Nepal has announced a payment of about $400 to the families of the dead Sherpas. The guides are seeking increased compensation for the families.

Sherpas make up to $5,000 per season for their grueling work for clients who can spend tens of thousands of dollars in preparation for the ascent.

Nepalese officials say a work stoppage would seriously disrupt the peak climbing season that begins in May.

Authorities say about 1,000 people, almost half of them Sherpas, are on the mountain waiting for the optimal weather conditions.

One guide who was caught in the avalanche has already decided not to ever scale the mountain again. He told The New York Times he heard the cries of pain from his dying comrades during the four-hour wait for help.

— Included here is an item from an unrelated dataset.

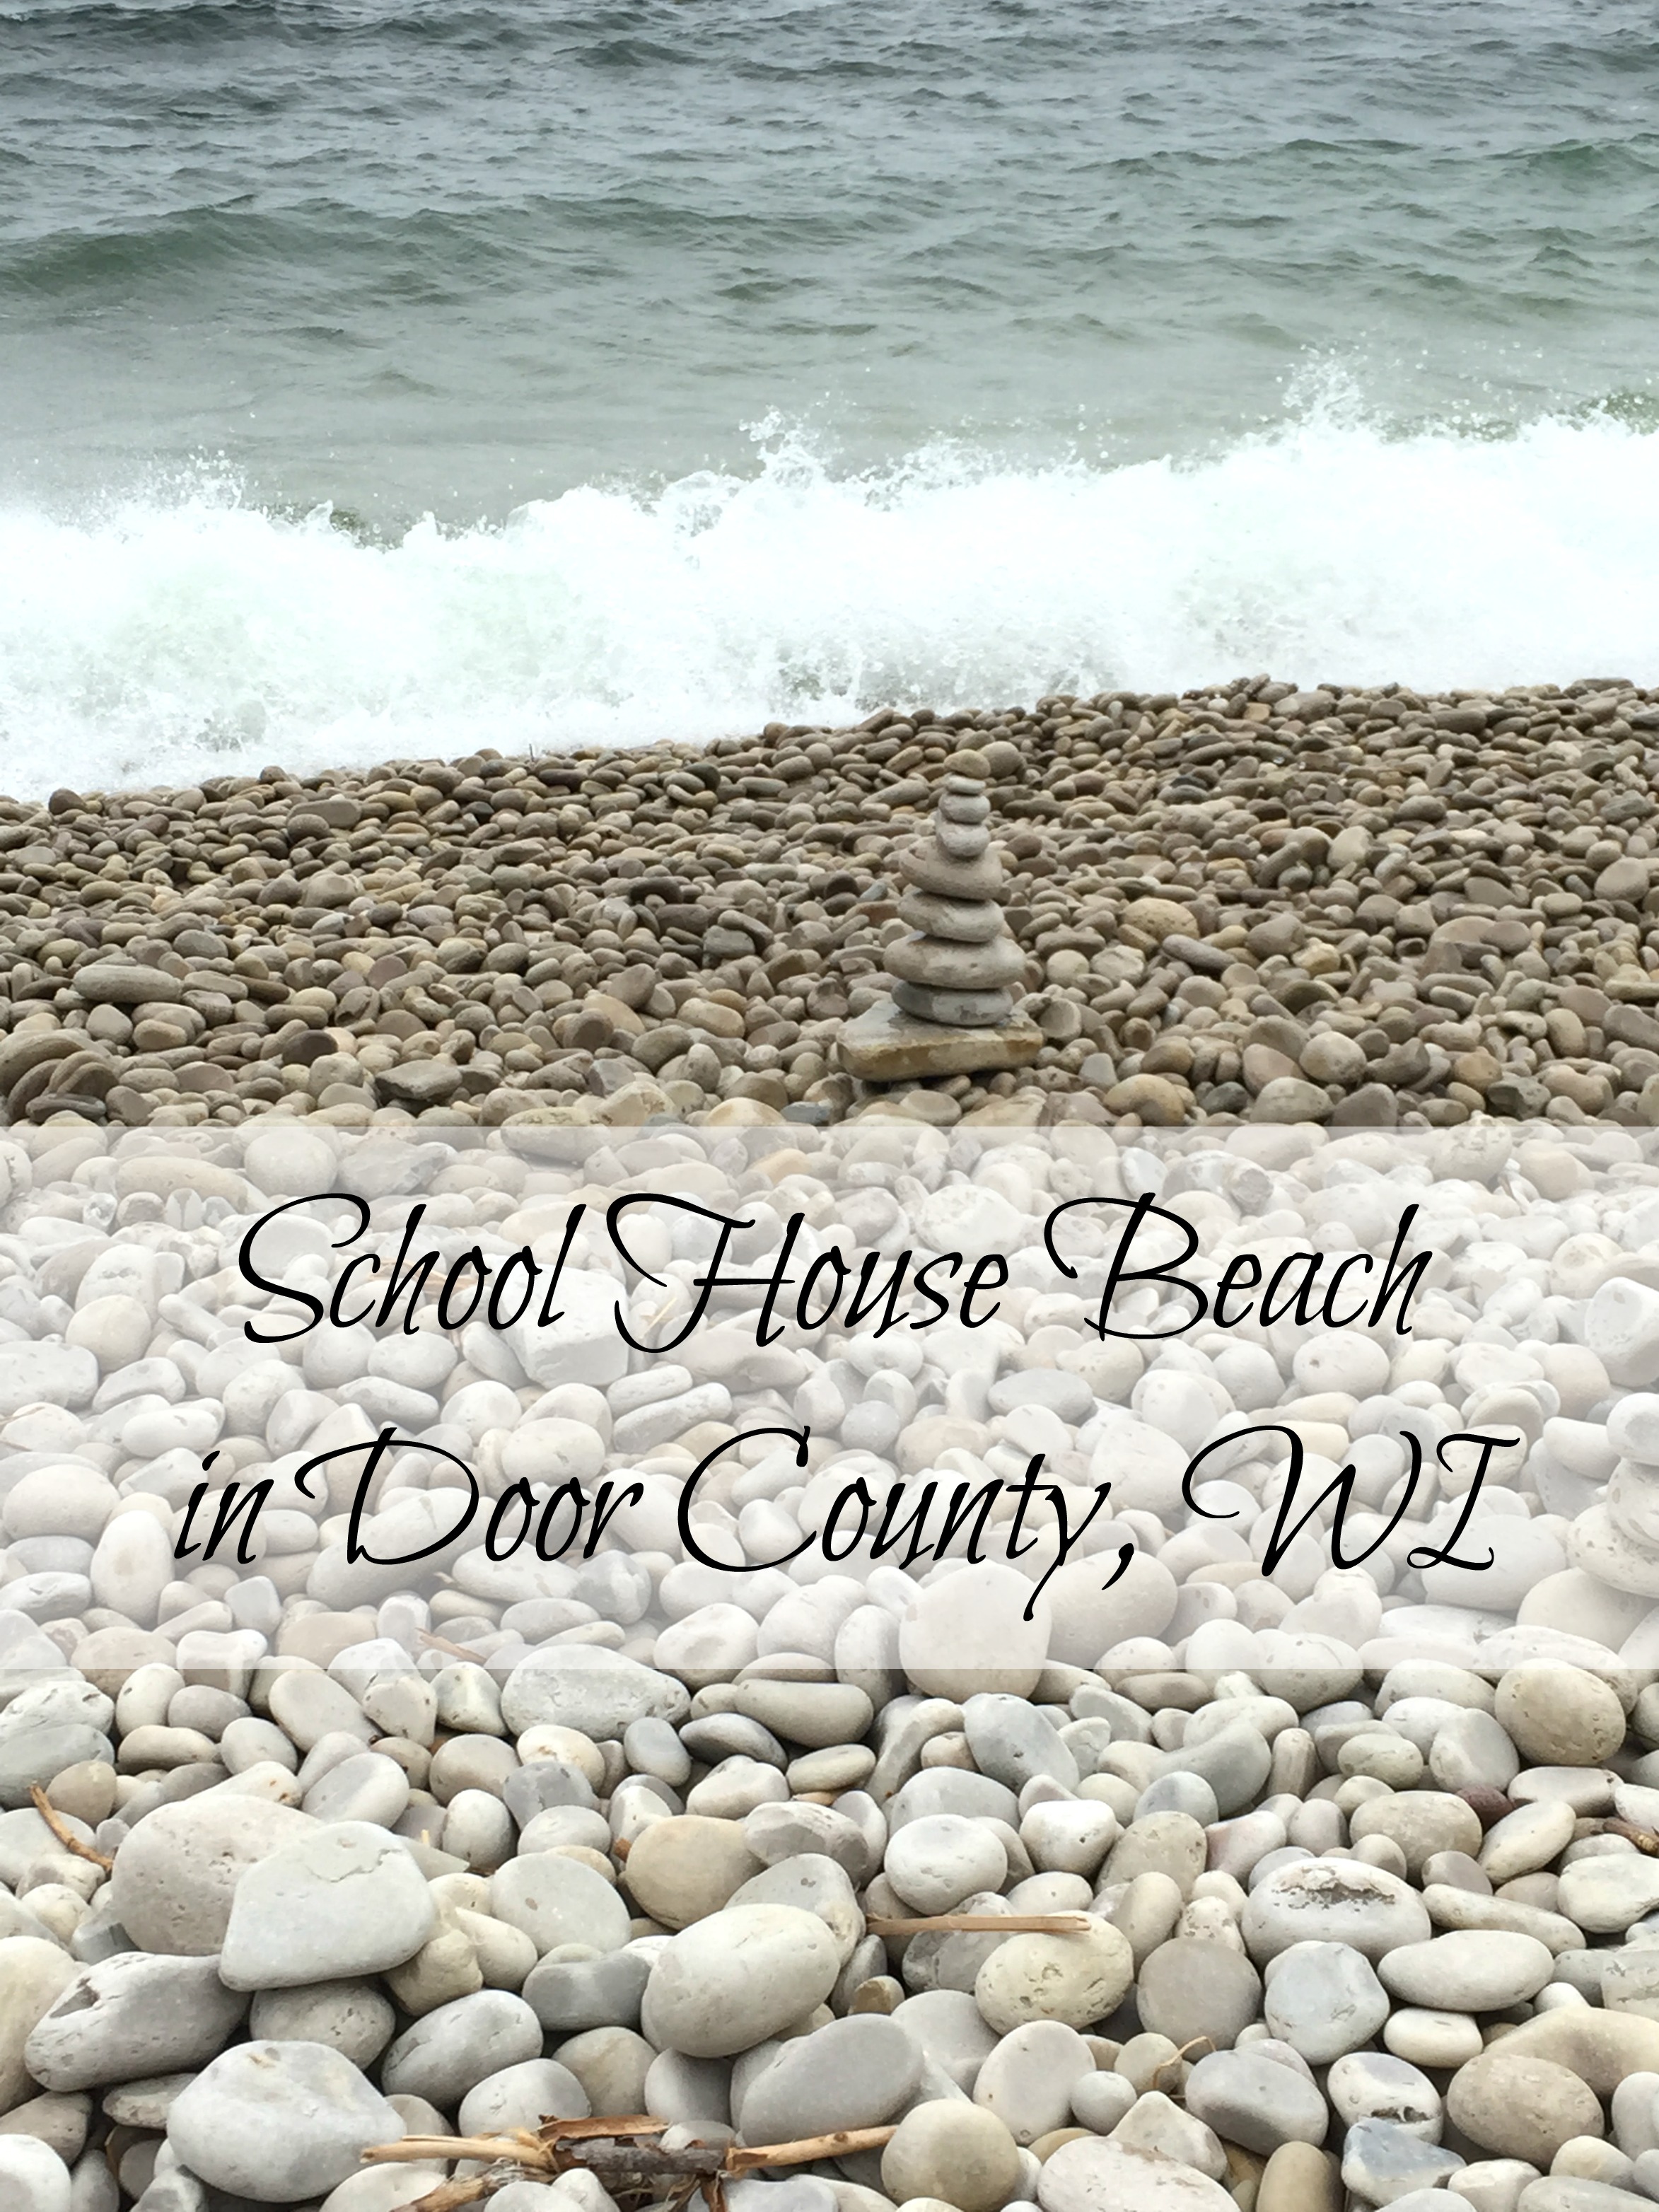 School House Beach in Door County, WI

The Discovery Channel has canceled its planned winged jumpsuit flight off of Mount Everest. A posting on Facebook by Joby Ogwyn, the star of Everest Jump Live, said "I am safe at base camp but I have lost my Sherpa team in the avalanche yesterday. These men were the salt of the Earth. Far better men than me. My heart is broken."

More than 4,000 climbers have scaled Mount Everest since Edmund Hillary and Tenzing Norgay completed the first ascent to the summit in 1953. About 250 people have died trying.